Eu acho que é preciso entender a vida das pessoas. Não é simples você convencer as pessoas a ficarem em casa. E também não é simples convencer pessoas que precisam sair de casa a ficarem isoladas. Mas, acho que temos que separar as situações. Há casos e casos. Há as pessoas que estão convencidas que precisam ficar em casa, mas que, por uma impossibilidade, acabam não ficando. E têm pessoas que simplesmente não estão convencidas de que o isolamento é a melhor alternativas. Temos que separar os que estão convencidos daqueles que se expõe ao risco de serem infectados ou de infectar os outros porque minimizam a doença.
O presidente Jair Bolsonaro já chamou a Covid-19 de “gripezinha” e critica medidas de isolamento social adotadas nos estados. O senhor acha que ele teve influência na baixa adesão em estados como o Pará?
A mensagem de um líder que vá na contramão da ciência, inevitavelmente, prejudica e dificulta o trabalho para que nós possamos ter uma mensagem única de esclarecimento pautado na ciência, na medicina, nas questões técnicas. Portanto, para aqueles que não se convenceram da gravidade da Covid-19, seguramente, a mensagem do presidente da República contribuiu para a baixa adesão ao isolamento.
O presidente tem dito que a responsabilidade pelas mortes da Covid-19 e pelo impacto econômico deve ser cobrada dos governadores que impuseram medidas de distanciamento social. Como o senhor responde a essas críticas?
Eu me nego a entrar nessa polêmica porque acho que, nesse momento, devemos ter apenas um adversário: o coronavírus. Politizar, trazer a defesa da vida para o campo da política… eu me nego a entrar nessa discussão. A vida deve estar sempre em primeiro lugar, sem que nos esqueçamos de que as pessoas precisam garantir a sua renda, garantir o seu ganha-pão. Não aceito entrar neste campo de politizar a vida e sofrimento das pessoas.
Como o senhor avalia a participação do presidente Bolsonaro em manifestações com pautas antidemocráticas como a de ontem?
Avalio com preocupação. Primeiro por entender que nós devemos todos estar unidos para enfrentar o único inimigo que hoje deve tomar nossas energias, que é o coronavírus. Toda manifestação que não esteja neste caminho, no meu entendimento, é equivocada. Por outro lado, entendo que nós devemos fortalecer a democracia, fortalecer os poderes, garantir a independência dos poderes, mas que essa independência seja pautada na preservação do Estado de democrático de direito. O Brasil está vivendo um momento triste e singular da sua história e o que a população espera dos seus líderes é que eles possam levá-la em uma direção em que a dor seja menor.
Nas últimas semanas, o presidente Bolsonaro acenou com a possibilidade de ceder cargos no segundo e terceiro escalão a indicados do chamado “Centrão”. Como o senhor avalia essa estratégia considerando que o grupo era duramente criticado pelo presidente?

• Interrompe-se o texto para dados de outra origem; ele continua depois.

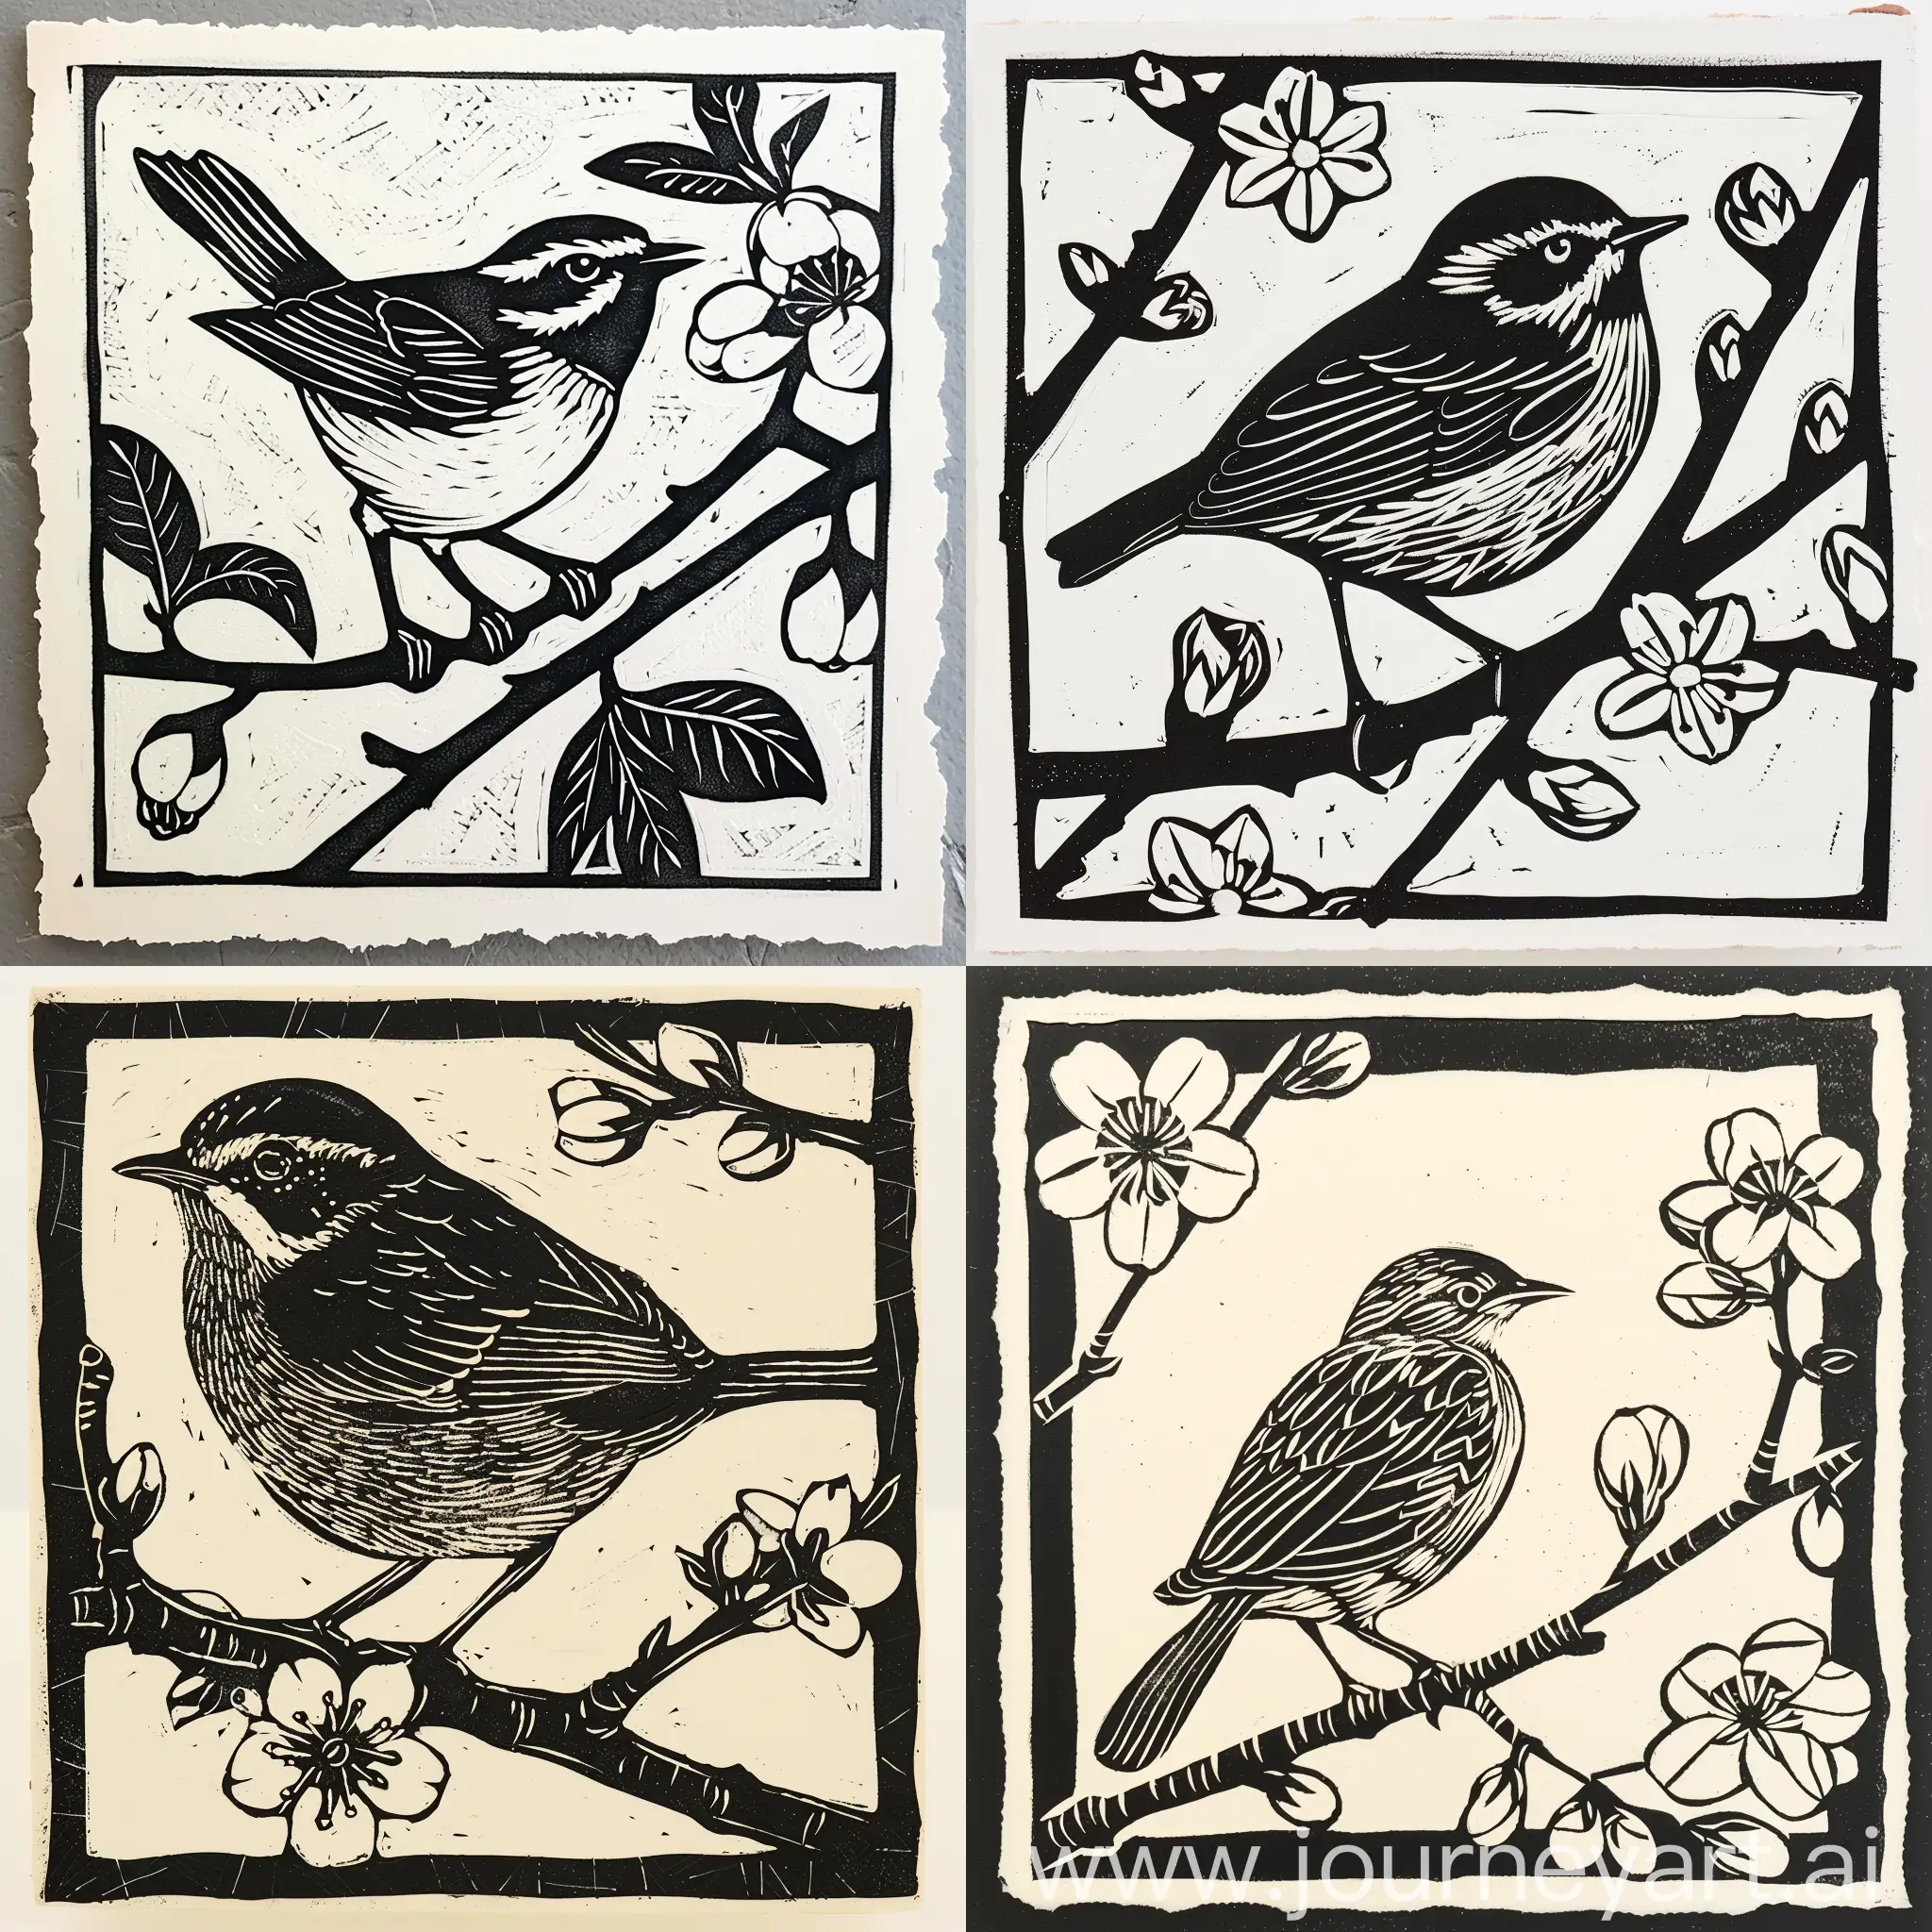 Linocut Block Print Minimalism, bird and blossoms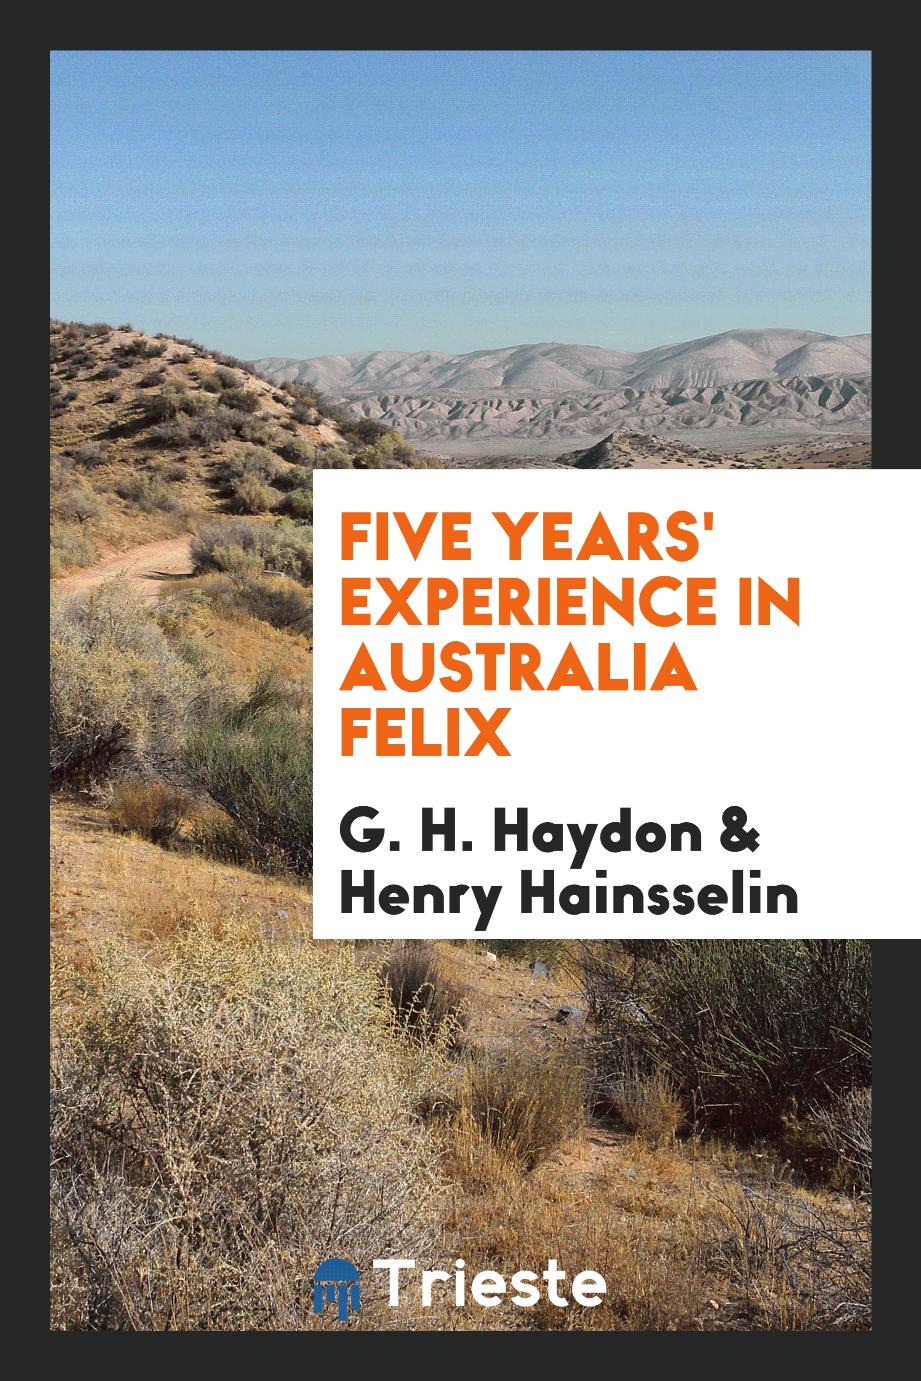 G. H. Haydon, Henry Hainsselin - Five Years' Experience in Australia Felix

O presidente deve sempre buscar a governabilidade e deve entender que, para que haja governabilidade, ele deve dialogar com o Congresso Nacional. Isto é algo que deve ser visto como uma posição pragmática do presidente que busca a governabilidade. Agora, o que tem que se saber é: o que é que está colocado na mesa? Qual o custo dessa governabilidade? E eu não sei qual será o custo dessa governabilidade. Me parece um movimento de um presidente que deve ter compreendido que o mundo real exige diálogo.